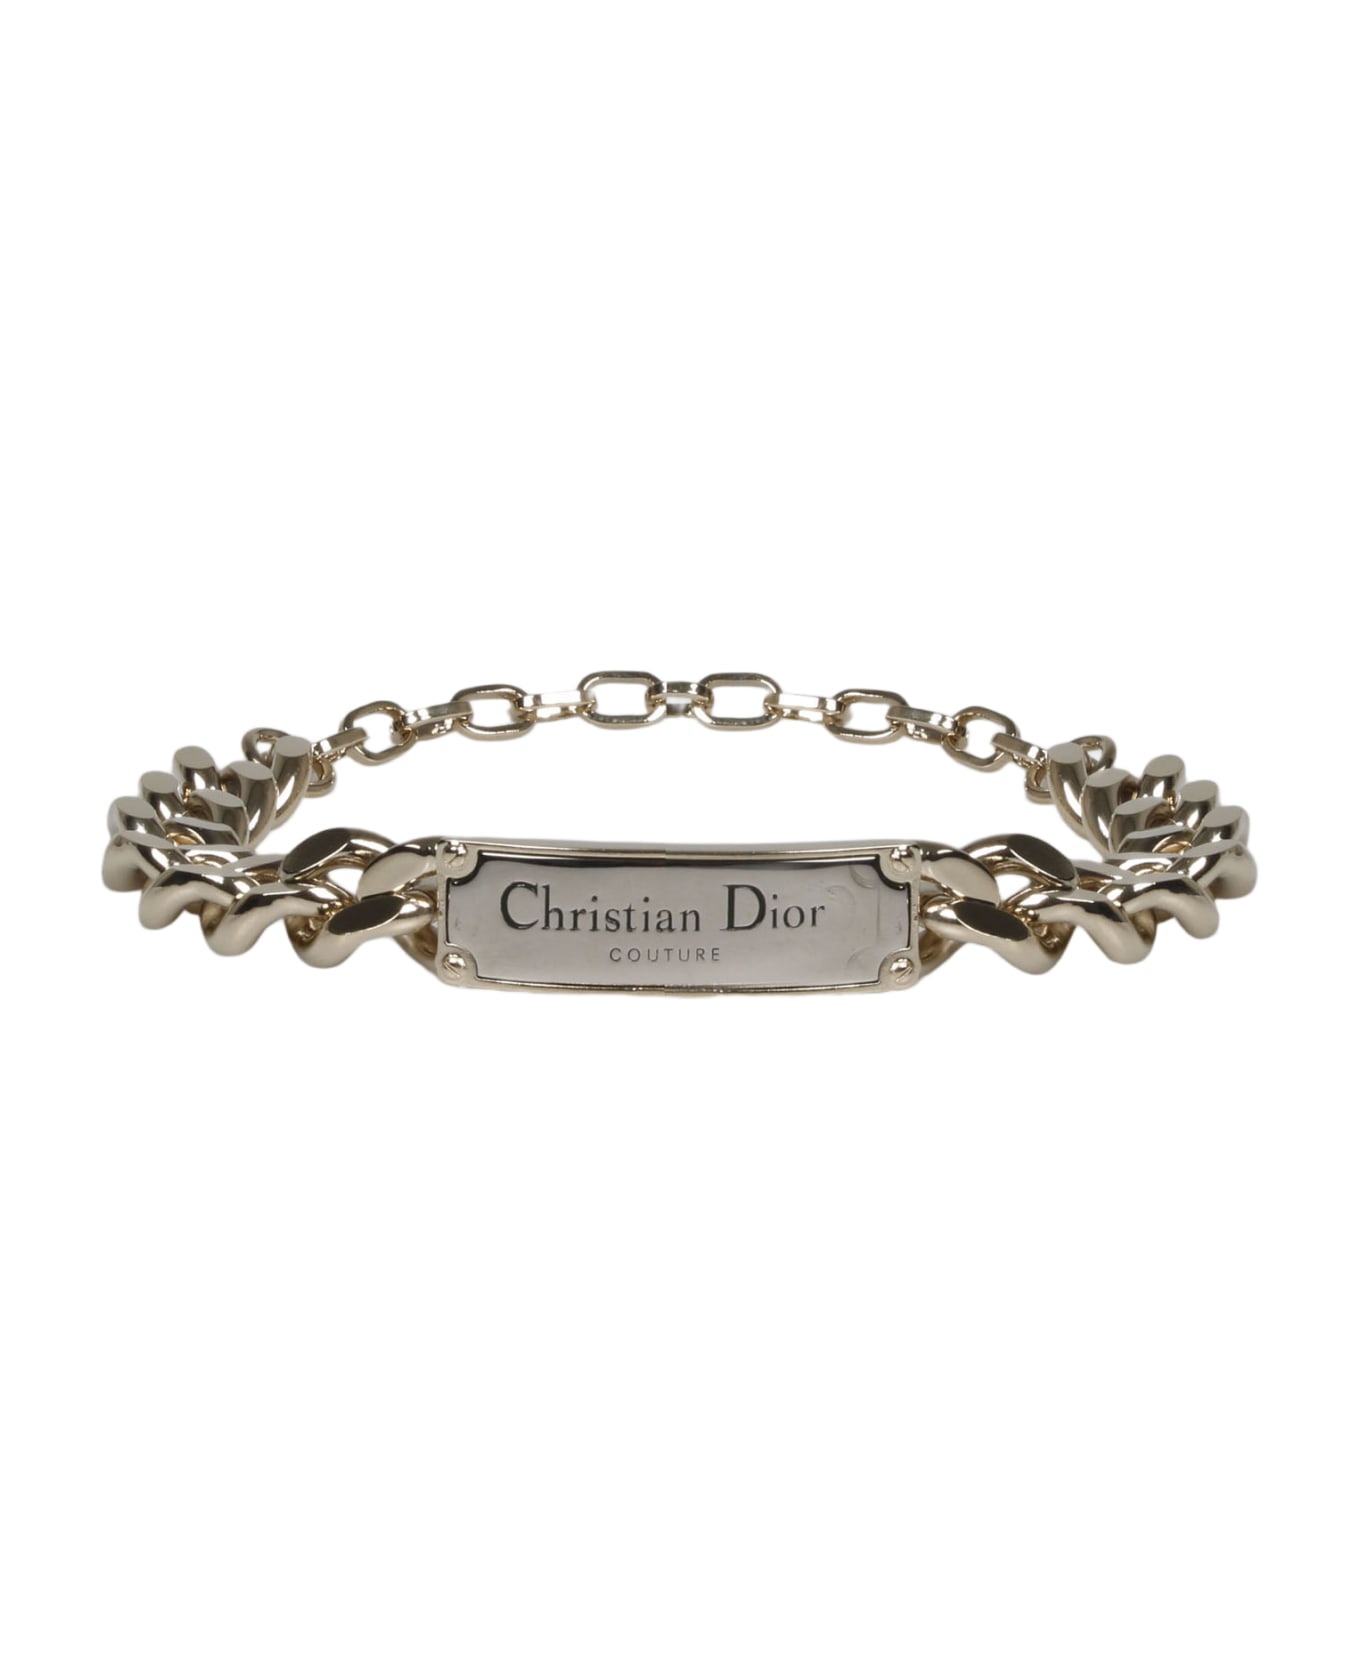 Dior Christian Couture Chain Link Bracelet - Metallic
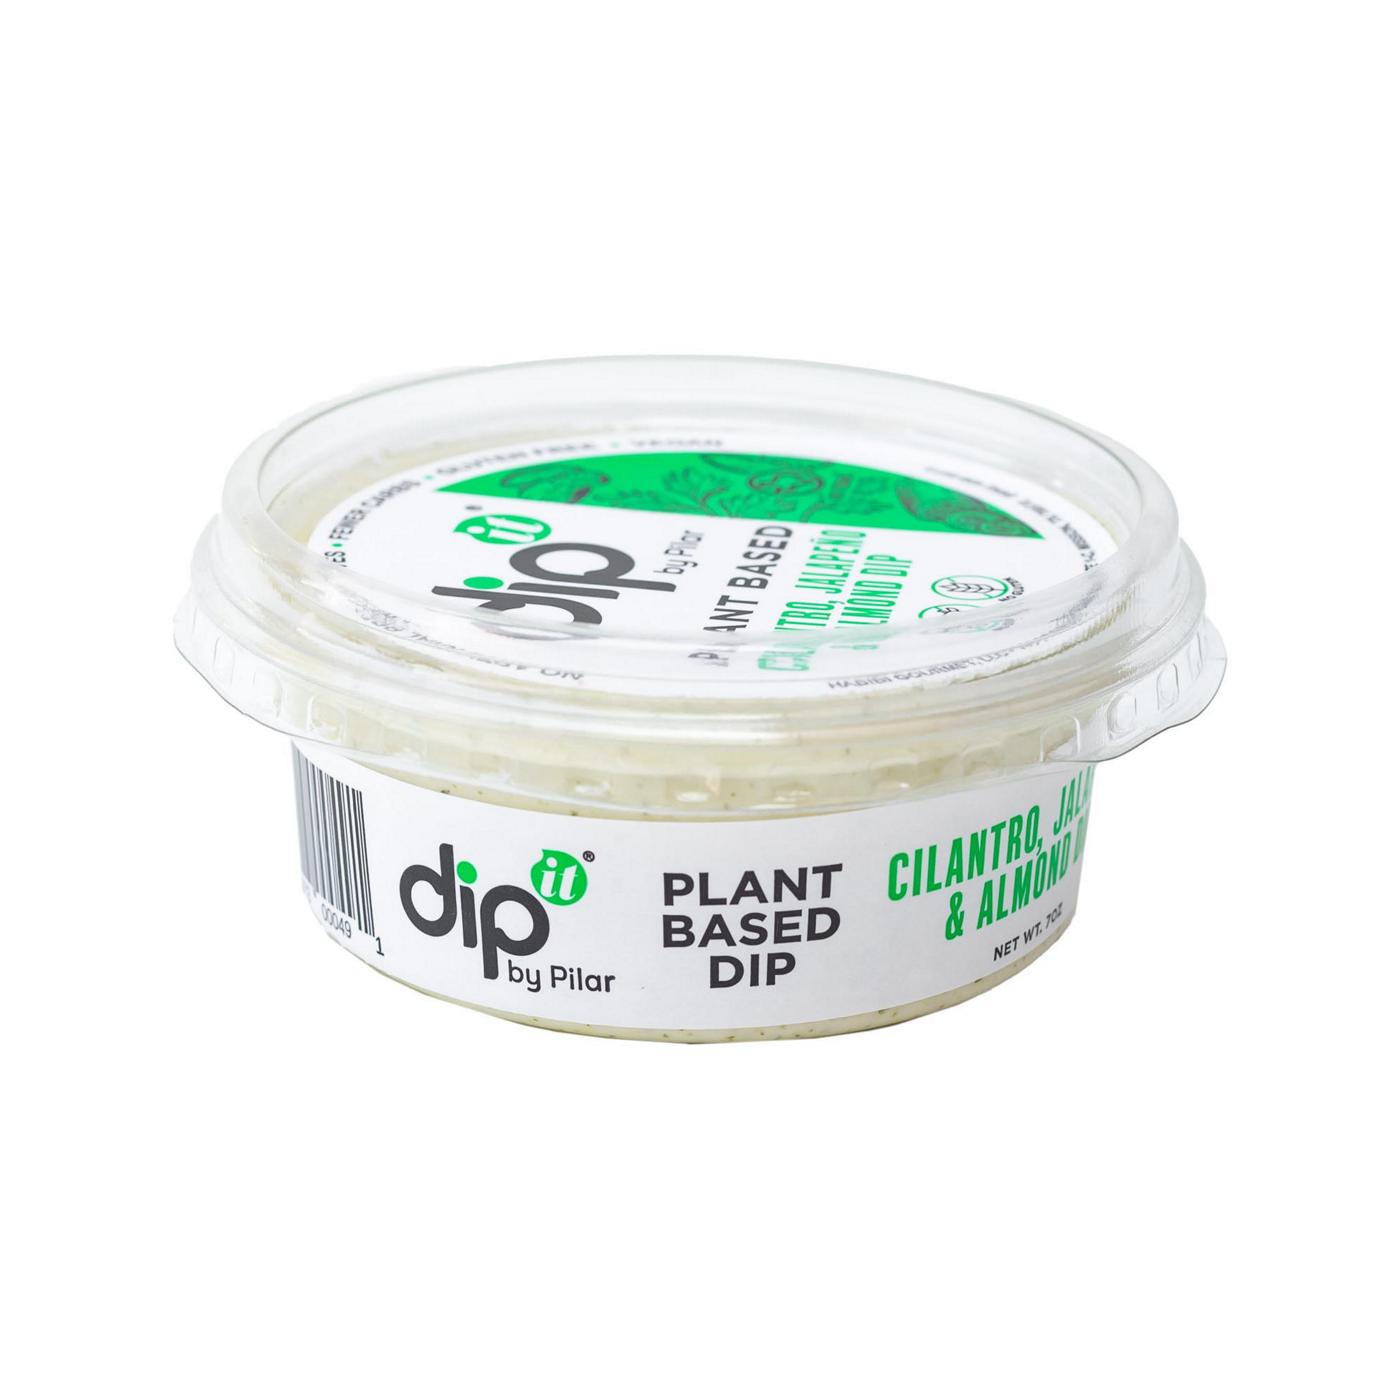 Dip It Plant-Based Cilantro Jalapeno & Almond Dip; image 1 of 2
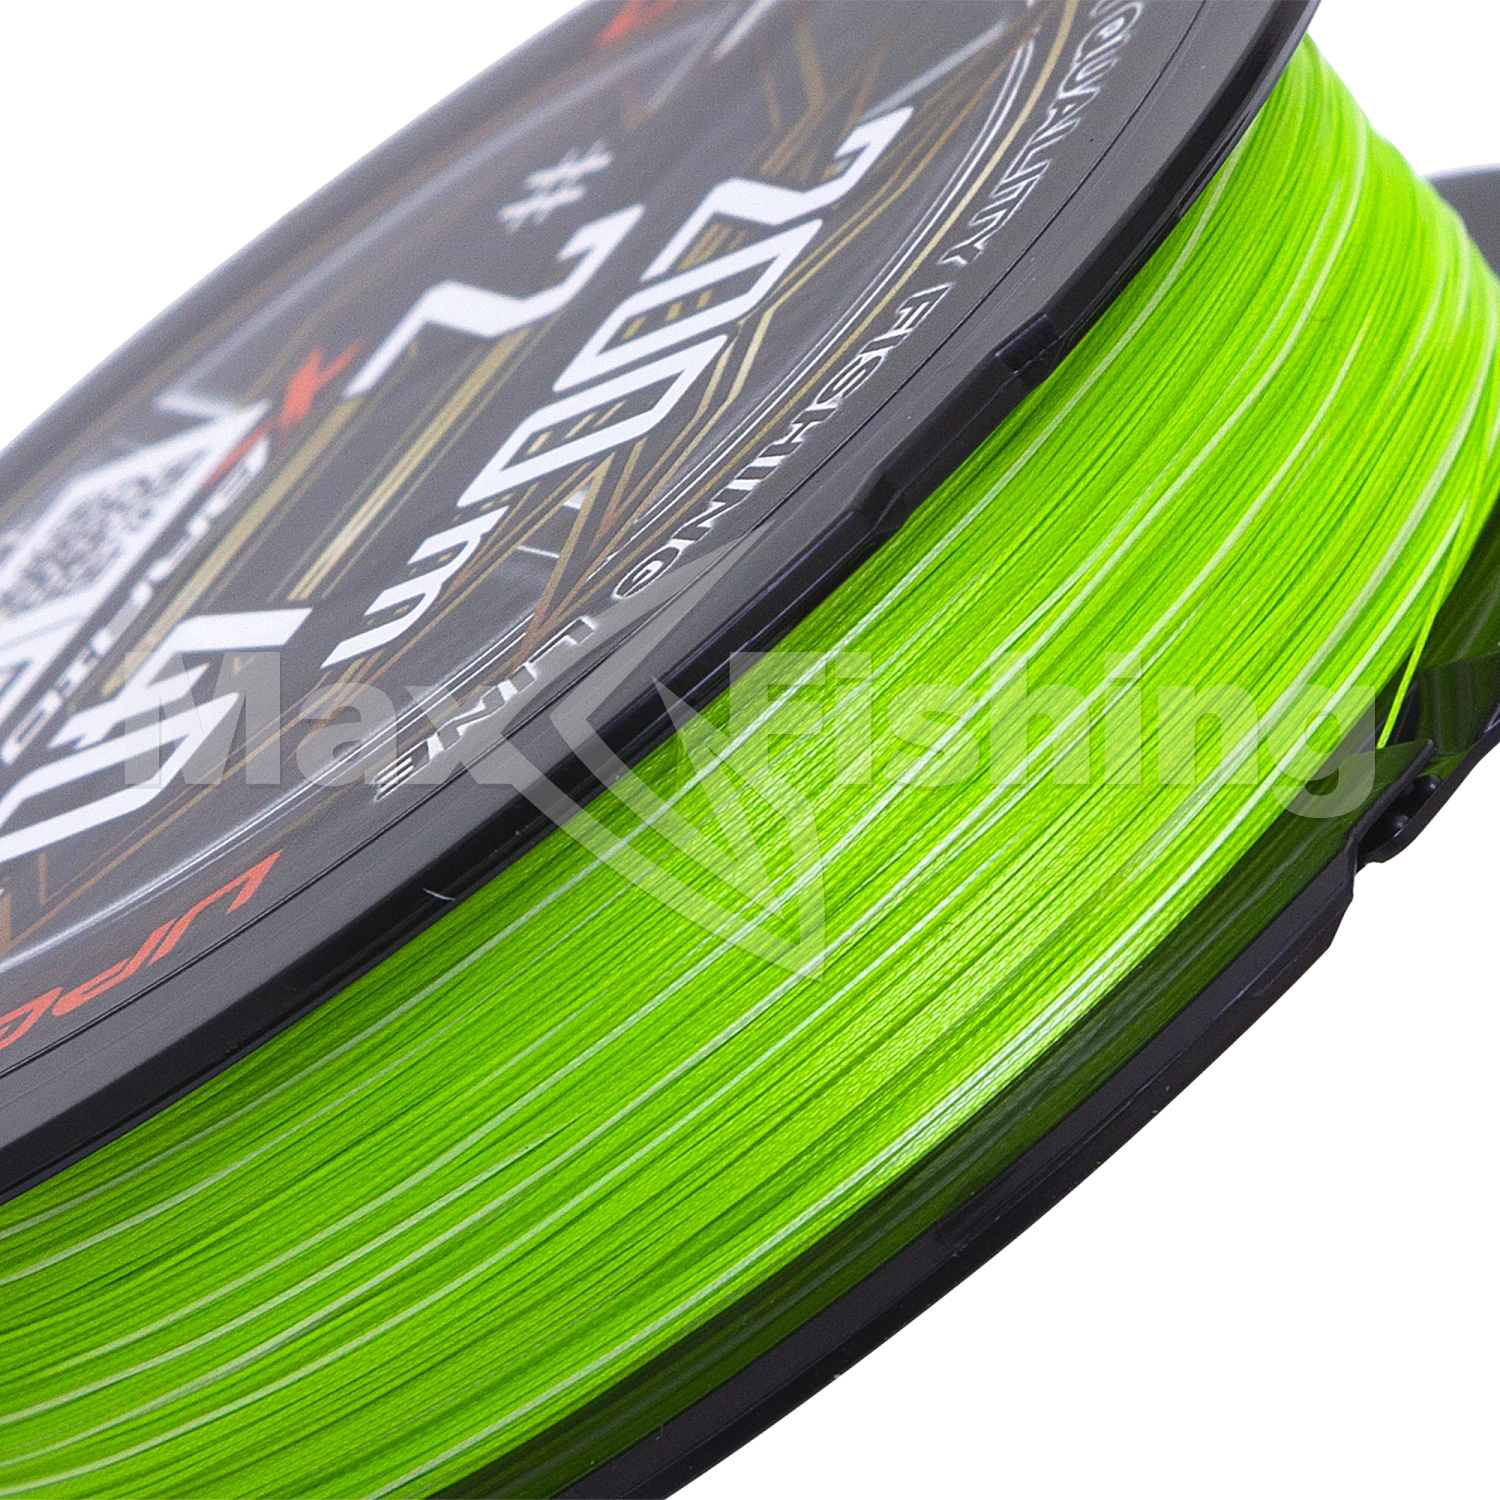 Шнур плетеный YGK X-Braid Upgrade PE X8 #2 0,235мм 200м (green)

- Assignment -
Send back every line above exactly, skipping all pictures.

- Output -
 Dior Christian Couture Chain Link Bracelet - Metallic
 Dip It Plant-Based Cilantro Jalapeno & Almond Dip; image 1 of 2
 Шнур плетеный YGK X-Braid Upgrade PE X8 #2 0,235мм 200м (green)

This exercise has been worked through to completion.